Exercise data:
==============================
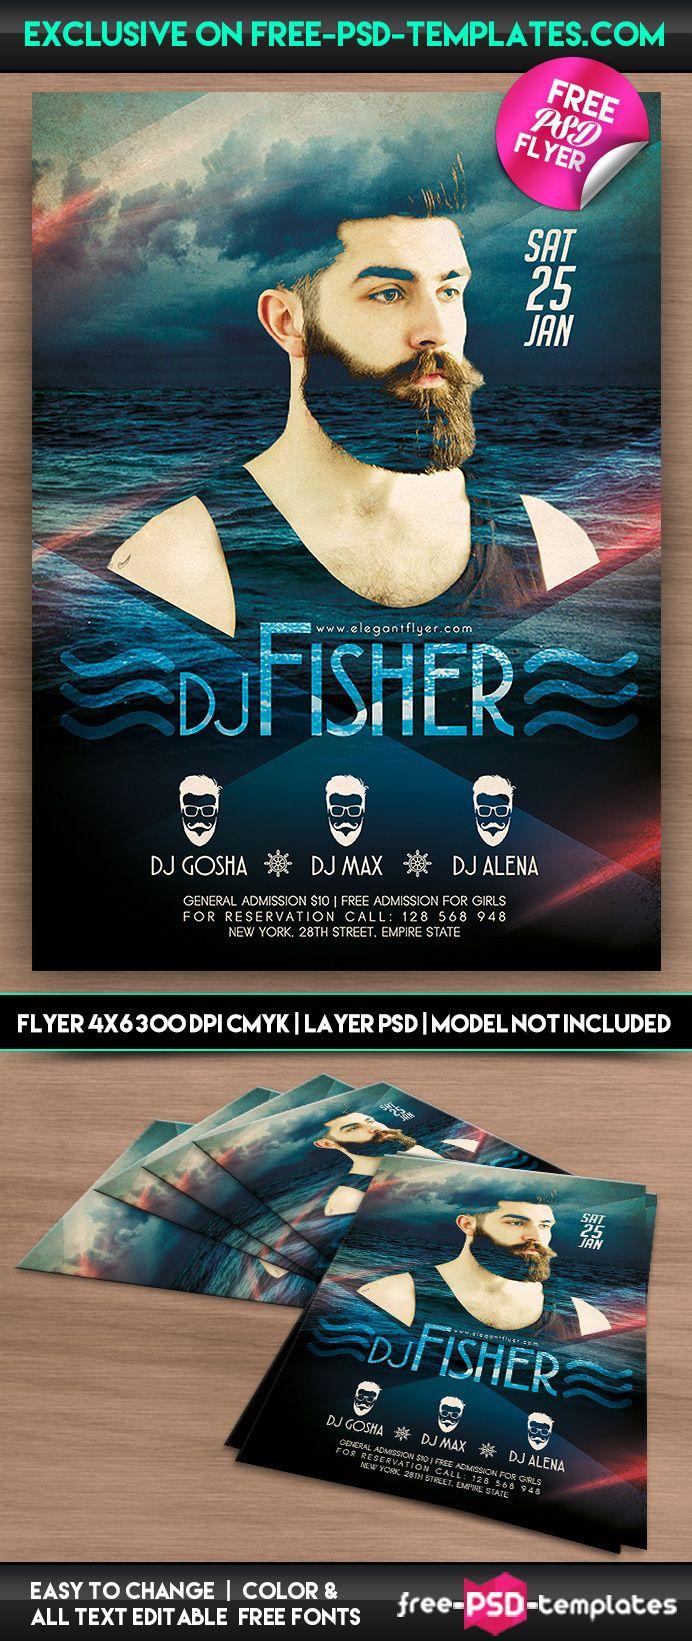 DJ Fisher – Free PSD Flyer Template on Behance   flyer   Pinterest ...
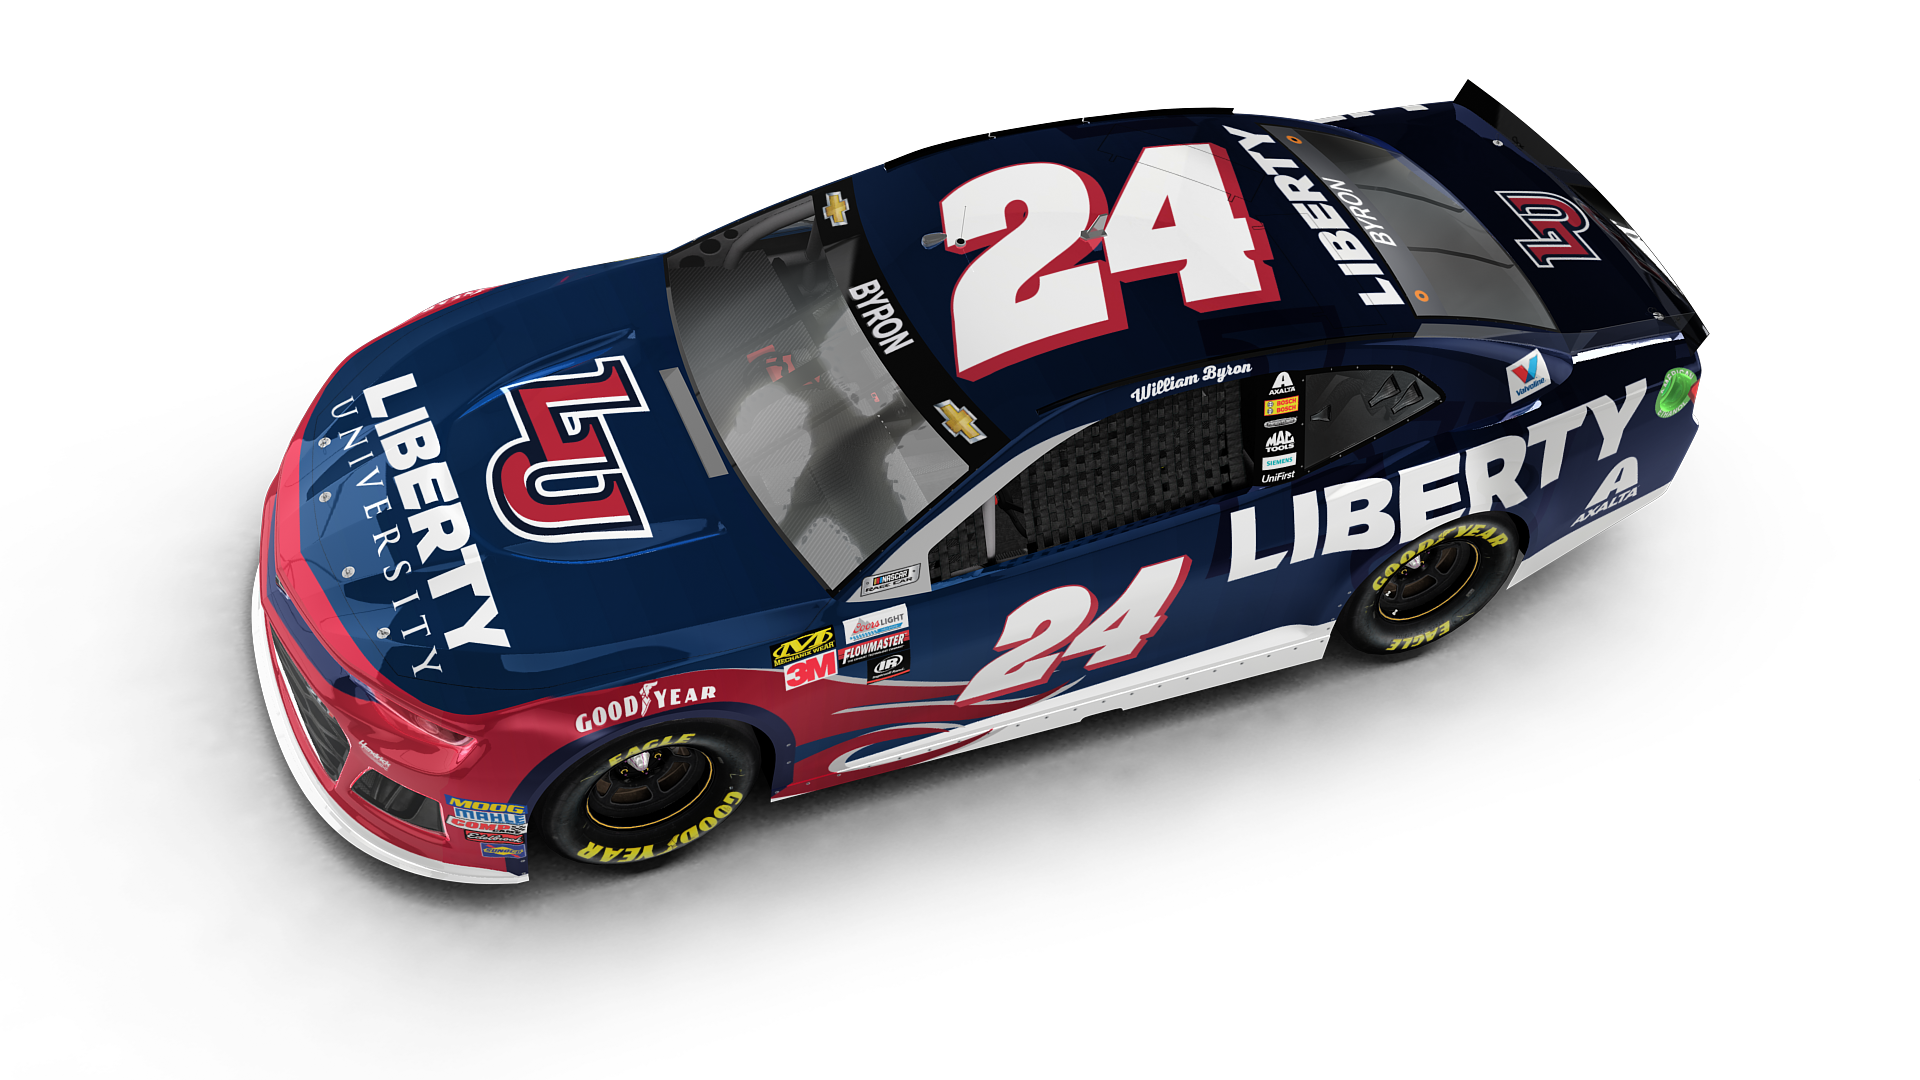 Byron's Liberty University scheme gets an update | Hendrick Motorsports
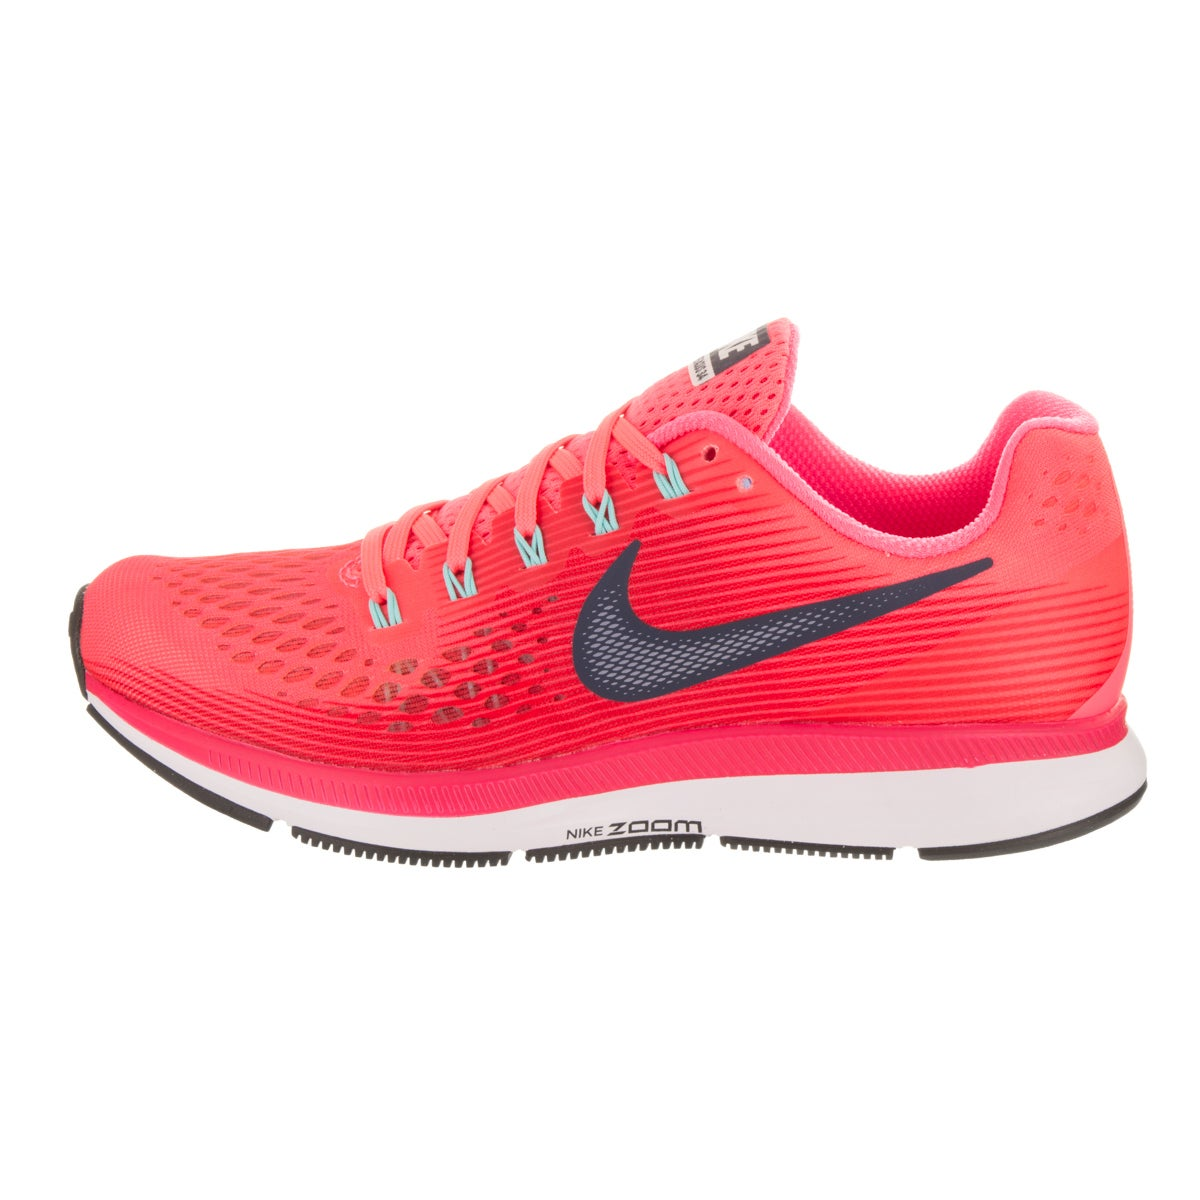 newest 2602e 2e61a Shop Nike Women s Air Zoom Pegasus 34 Running Shoe - Free Shipping Today -  Overstock - 16739461
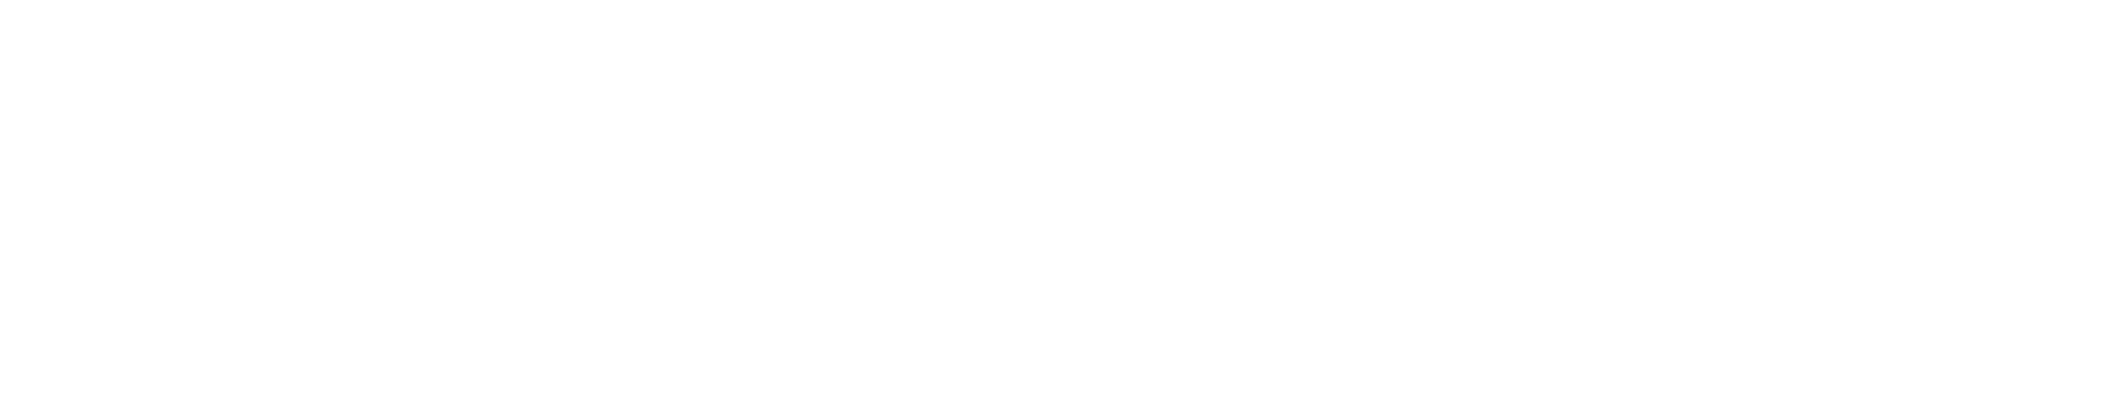 statistiques-icone
==============================
Try it:
Reproduce the lines above exactly, please, but not the pictures in them.

Exercise output:
 DJ Fisher – Free PSD Flyer Template on Behance   flyer   Pinterest ...
 Byron's Liberty University scheme gets an update | Hendrick Motorsports
 newest 2602e 2e61a Shop Nike Women s Air Zoom Pegasus 34 Running Shoe - Free Shipping Today -  Overstock - 16739461
 statistiques-icone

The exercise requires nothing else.